Ф. с ним разговаривать не стал; что вообще с дураком разговаривать? никакого вовсе нет смысла; вот он дверь железную толкнул пред собою и на воздух вышел. Пахло гарью на улице, пылью и еще тошнотворным чем-то вроде шоколада, но было тихо, гадко, морозно и ветренно. Обстрел закончился.
24
За спиною своею он слышал шаги, но оборачиваться не стал. Ш. подошел сзади и остановился рядом. Потом озабоченным своим шагом обошел он автомобиль кругом, все более и более сокрушаясь сердцем во все продолжение осмотра. Ш. смахнул ладонью пыль с капота, потрогал разбитую фару, лобовое стекло, покрытое сеткою трещин. Ф. с циническим своим спокойствием разглядывал удрученные плечи товарища своего. Он знал, как нужно ощущать содрогание, но не стал бы делиться таким знанием без особенной на то причины. Форс-мажором исключительного существования своего не следовало озадачивать ни мир, ни природу, ни даже бесполезное свое окружение, он и не пытался.

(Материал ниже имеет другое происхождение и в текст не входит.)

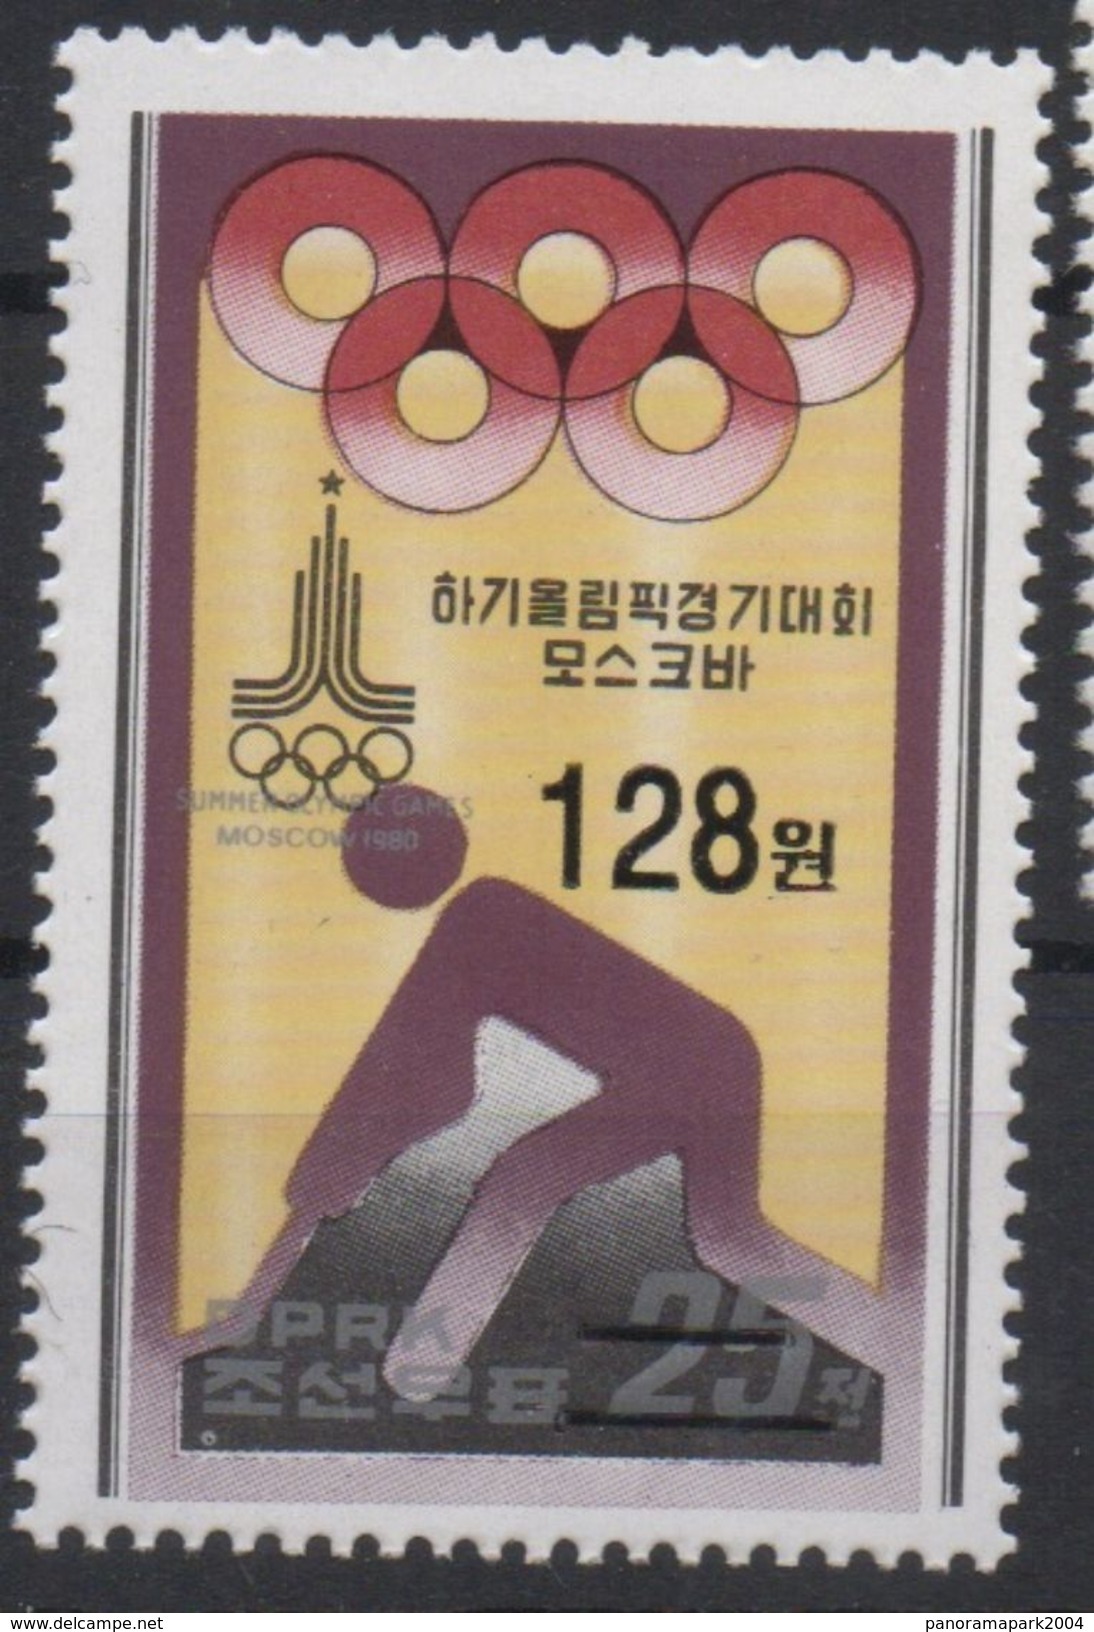 North Korea Corée Du Nord 2006 Mi. 5098 OVERPRINT Olympic Games Jeux Olympiques MOSCOW MOSCOU 1980 MOSKAU MNH** Olympia - Verano 1980: Moscu

Беззвучно губами шевеля, Ш. в уме своем опустевшем ущерб исчислял, причиненный его несчастному верному лимузину. Кому обстрел, кому отец родной, сказал себе он. Вся грудь его, до самой глубины ее, была полна особенных краеугольных вздохов. Пока они скрывались в убежище, автомобиль попытались разграбить: задняя правая дверь выломана, да вот уж на честном слове держится, несколько мешков с порошком на дорогу выброшены, ножом распороты, да в грязь втоптаны. Хотел было Ш. в небеса проклятья послать и чтоб они от хевисайдова слоя отразились и на головы злых человеков обрушились. Но не позволил себе слово матерное, слово ничтожное, слово решительное проговорить всуе. Он лишь поправил как мог дверь раскуроченную, поглядел сокрушенно на баллон спущенный, и шагом страдальческим направился на свое привычное водительское место.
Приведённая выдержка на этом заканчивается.